Effects of Degradation of Alpine Desert Steppe on Soil Bacterial Community in Southwestern of the Xizang Plateau

doi:10.11733/j.issn.1007-0435.2025.11.010

Acta Agrestia Sinica ›› 2025, Vol. 33 ›› Issue (11): 3581-3592.DOI: 10.11733/j.issn.1007-0435.2025.11.010

Effects of Degradation of Alpine Desert Steppe on Soil Bacterial Community in Southwestern of the Xizang Plateau

GUO Rong-ming¹, ZHAO Xin¹, YANG Jun-hui¹, CHENG Fang-fang¹, CHEN Xin-yan²

1. Animal Disease Prevention and Control Center of Xizang Autonomous Region/Animal Husbandry Station of Xizang Autonomous Region, Lhasa, Xizang 850000, China;
2. Institute of Animal Science and Veterinary, Xizang Academy of Agricultural and Animal Husbandry Sciences, Lhasa, Xizang 850009, China

Received:2024-12-11 Revised:2025-02-09 Published:2025-11-13

青藏高原西南部高寒荒漠草原退化对土壤细菌群落的影响

郭荣明¹, 赵芯¹, 杨君辉¹, 程方方¹, 陈鑫艳²

1. 西藏自治区动物疫病预防控制中心/西藏自治区畜牧总站, 西藏拉萨 850000;
2. 西藏自治区农牧科学院畜牧兽医研究所, 西藏拉萨 850009

通讯作者: 陈鑫艳,E-mail:2849699340@qq.com
作者简介:郭荣明（1992-），男，汉族，云南楚雄人，硕士研究生，主要从事牧草栽培种植及植被恢复研究，E-mail：1052425235@qq.com；
基金资助:
西藏自治区自然科学基金项目（XZ202401ZR0137）；西藏自治区科技计划项目（XZ202201YD0031C）资助

Abstract

Abstract: In order to understand the impact of degradation of alpine desert steppe in the southwestern part of Qinghai-Xizang Plateau on soil bacterial communities， we compared non-degraded and degraded grasslands by analyzing plant community characteristics， soil physicochemical factors， and bacterial community structure. The results demonstrated that the non-degraded grasslands exhibited significantly higher plant diversity than the degraded ones. Soil nutrients （including total nitrogen and organic carbon） markedly decreased in degraded grasslands， while pH and available manganese content increased， leading to reduced bacterial diversity. Moreover， bacterial co-occurrence networks in non-degraded grasslands showed greater complexity and tighter connectivity. Overall， the soil environmental factors accounted for 78% of the variation in bacterial communities， with total nitrogen and pH playing pivotal roles. Redundancy analysis （RDA） further revealed that bacterial β-diversity in non-degraded grasslands was positively correlated with total nitrogen but negatively with pH， whereas an opposite pattern emerged in degraded grasslands. These findings collectively indicate that alpine desert steppe degradation alters vegetation and soil properties， thereby restructuring bacterial communities， with soil factors （particularly total nitrogen， available manganese， pH， available copper， and available sulfur） serving as primary drivers.

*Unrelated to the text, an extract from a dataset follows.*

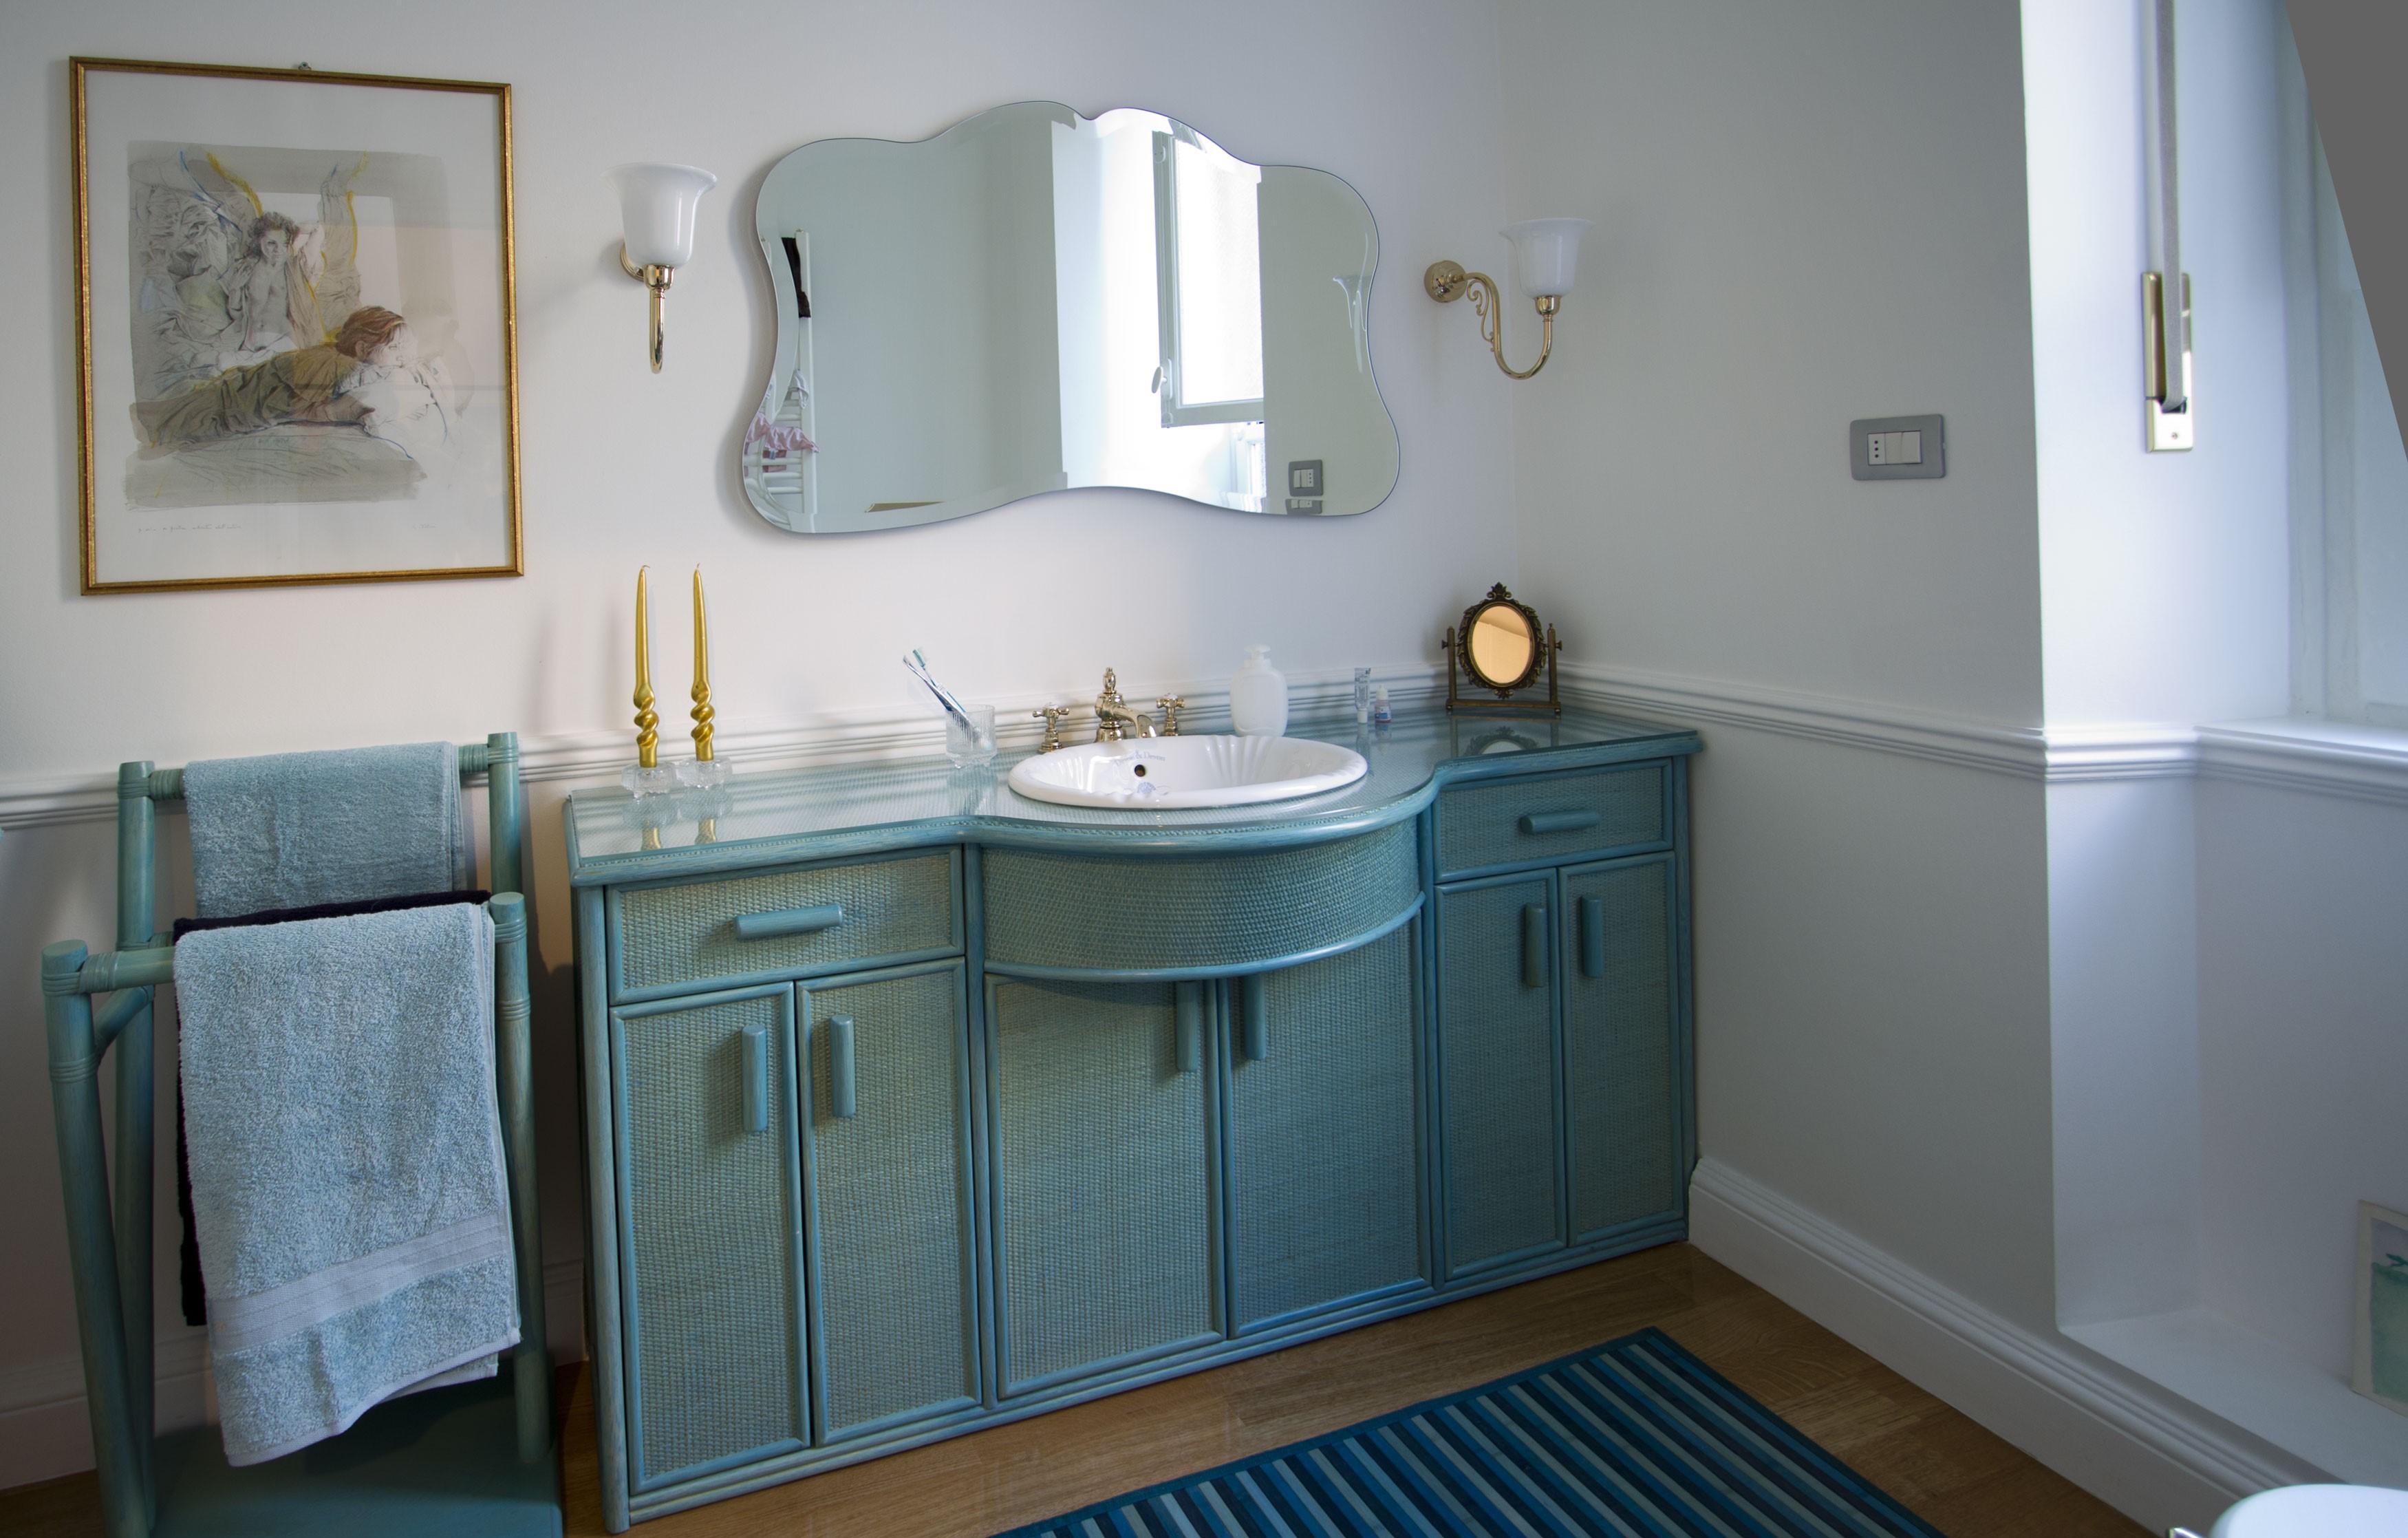 Il bagno in stile provenzale: 15 splendide idee per ispirarvi!

Key words: Tibetan Plateau, Alpine desert steppe, Degenerate, Soil bacteria, Plant community, Soil physical and chemical factors

摘要： 为了解青藏高原西南部高寒荒漠草原退化对土壤细菌群落的影响，选择未退化草地和退化草地，调查植物群落特征、土壤理化因子及细菌群落结构，分析环境因子对土壤细菌群落组成及多样性的影响。结果表明：未退化草地的植物多样性显著高于退化草地，同时，退化草地的土壤养分（全氮、有机碳等）明显下降，而pH值和有效态锰含量则增加，导致细菌多样性降低，此外，未退化草地的细菌共现网络更复杂，连接关系更紧密。整体来看，土壤环境对细菌群落的影响占78%，其中全氮和pH值起关键作用。RDA分析进一步表明，未退化草地细菌β多样性与全氮等呈正相关，与pH值等呈负相关，而退化草地的情况则相反。综上，高寒荒漠草原退化影响植被和土壤，进而改变细菌群落，其中土壤因子作用更大，全氮、有效态锰、pH值、有效态铜、有效硫是主要驱动因子。

关键词: 青藏高原, 高寒荒漠草原, 退化, 土壤细菌, 植物群落, 土壤理化因子

CLC Number:

S812.2

GUO Rong-ming, ZHAO Xin, YANG Jun-hui, CHENG Fang-fang, CHEN Xin-yan. Effects of Degradation of Alpine Desert Steppe on Soil Bacterial Community in Southwestern of the Xizang Plateau[J]. Acta Agrestia Sinica, 2025, 33(11): 3581-3592.

郭荣明, 赵芯, 杨君辉, 程方方, 陈鑫艳. 青藏高原西南部高寒荒漠草原退化对土壤细菌群落的影响[J]. 草地学报, 2025, 33(11): 3581-3592.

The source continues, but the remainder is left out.